Animal Shelter Horrified After Adopted Pig Gets Eaten

Colin Fredericson
By Colin Fredericson
February 26, 2018Worldshare
Animal Shelter Horrified After Adopted Pig Gets Eaten
A 3-week-old pot-bellied pig, the same kind as the pig killed in British Columbia for food after it was adopted. (Johannes Eisele/AFP/Getty Images)

A rescued pig adopted from a shelter ended up as a meal for the household that adopted her.

The pig was adopted from a location for the Society for the Prevention of Cruelty to Animals (SPCA) in Nanaimo, British Columbia, Canada. The new owner signed a contract not to kill or eat the pig upon adoption. Despite that, the owner won’t face legal consequences, the CBC reported.

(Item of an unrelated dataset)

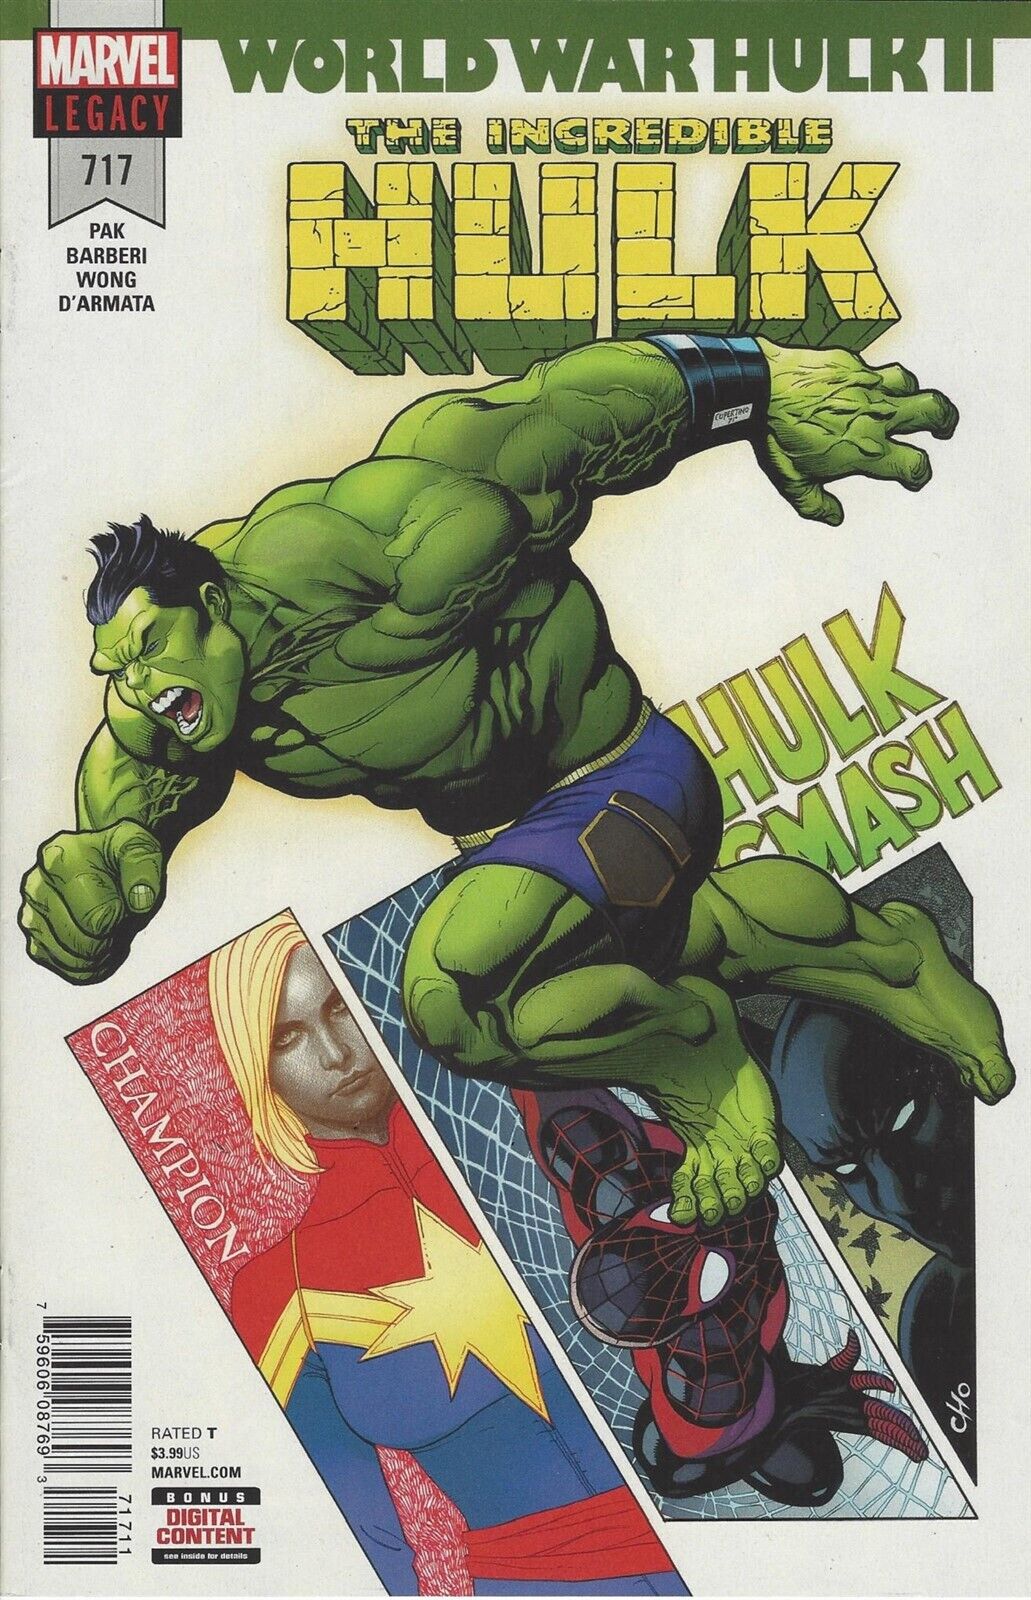 Incredible Hulk #717 World War Hulk II Part IV
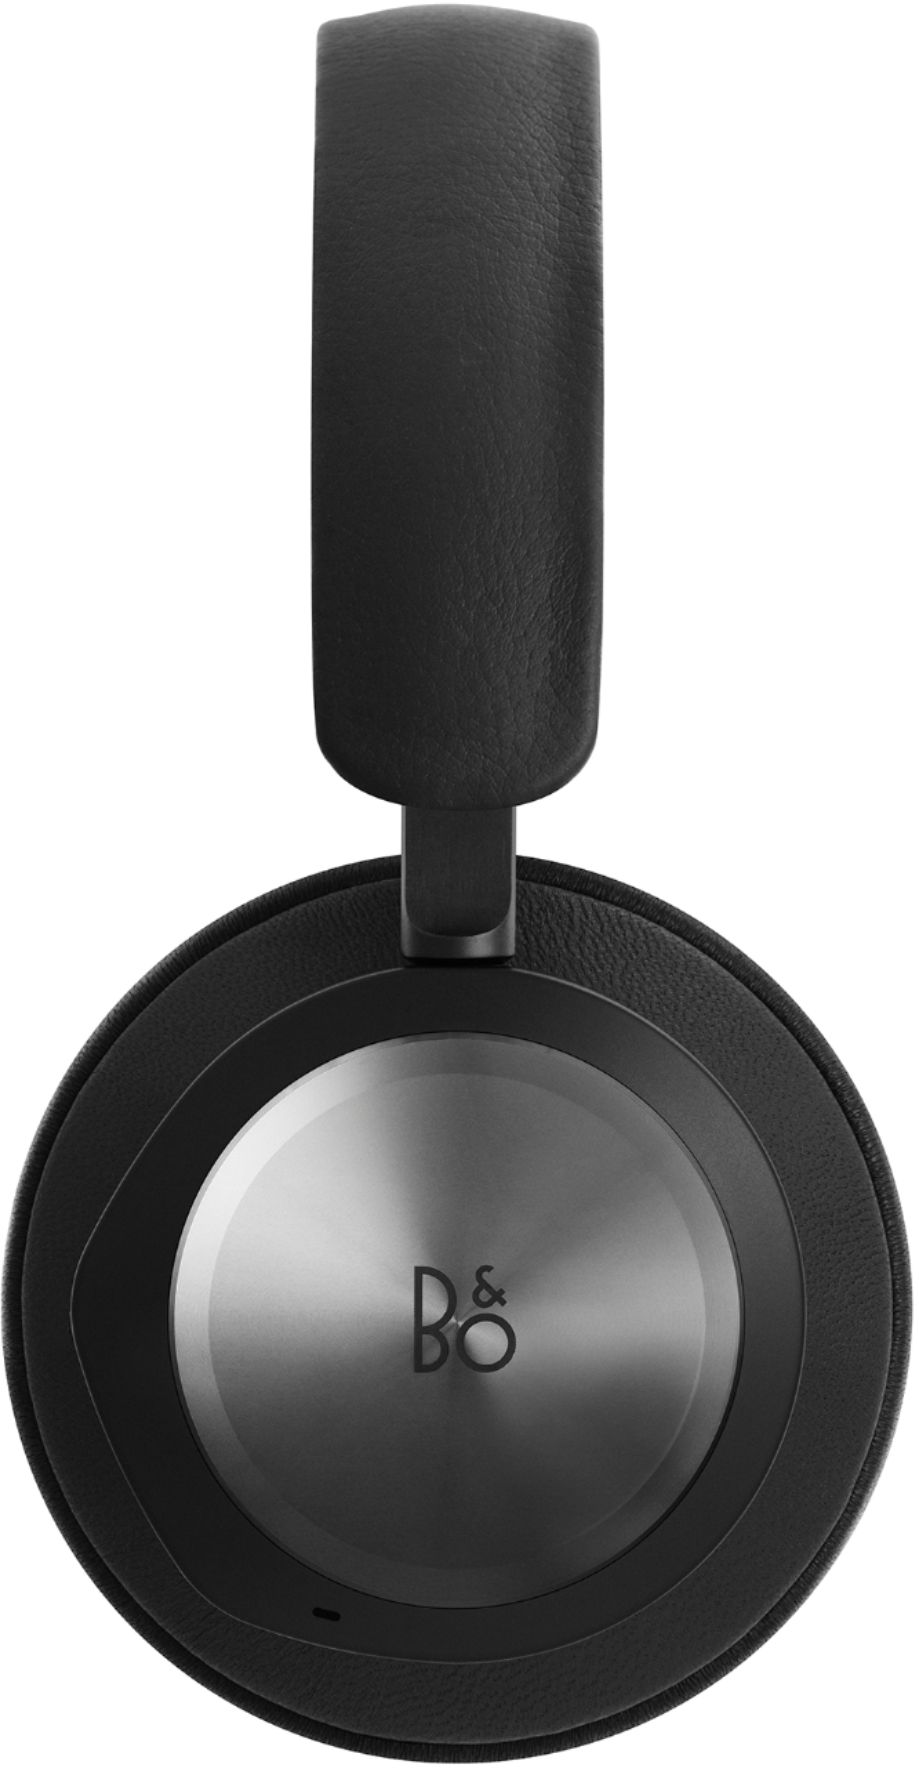 Extreem belangrijk werkloosheid Beperkingen Bang & Olufsen Beoplay Portal Xbox Wireless Noise Cancelling Over-the-Ear  Headphones Black Anthracite 3210 - Best Buy

“To hear that somebody did this to an animal that we worked so hard to make sure was healthy, and tried to get into a good home, is absolutely heartbreaking,” said Leon Davis, Nanaimo SPCA branch manager, via CBC.

The owner decided to eat the pig just a few weeks after adoption. The pig had been rescued, along with dozens of other piglets, in a rescue operation in Duncan, British Columbia. Molly, the pig, was just one of that batch of animals that shelter staff managed to nurse back to health. She was a Vietnamese pot-bellied pig, the CBC reported.

It’s not against the law to kill a pig, as long as it is done humanely, which investigators did determine to be the case. The owner killed and ate the pig after discovering a problem with it. The SPCA won’t let the owner adopt another animal, the CBC reported.

Brandee McKee, who owns a pig as a pet and lives on Vancouver Island, found out about the situation online. She told Global News that a couple sent photos out online through social media that showed them seasoning and preparing to eat Molly after turning her into pig meat.

“Because animals are considered property under the law, once an adoption agreement is made, that person is the full legal owner of that animal, whether it’s a dog, or a cat, or a pig or whatever so the minute the adoption is signed we lose all legal rights to that animal,” Lorie Chortyk, general manager of community relations for the British Columbia SPCA, via Global News.

Chortyk added that shelter staff had no way of knowing what the people in Molly’s new household were going to do. She said that owners go through an involved process before they can take an animal home, and expectations were spelled out clearly in writing, Global News reported.

“This gentleman, we’re certainly very devastated by what he did, but he didn’t do anything illegal,” said Chortyk, referring to the man who adopted Molly.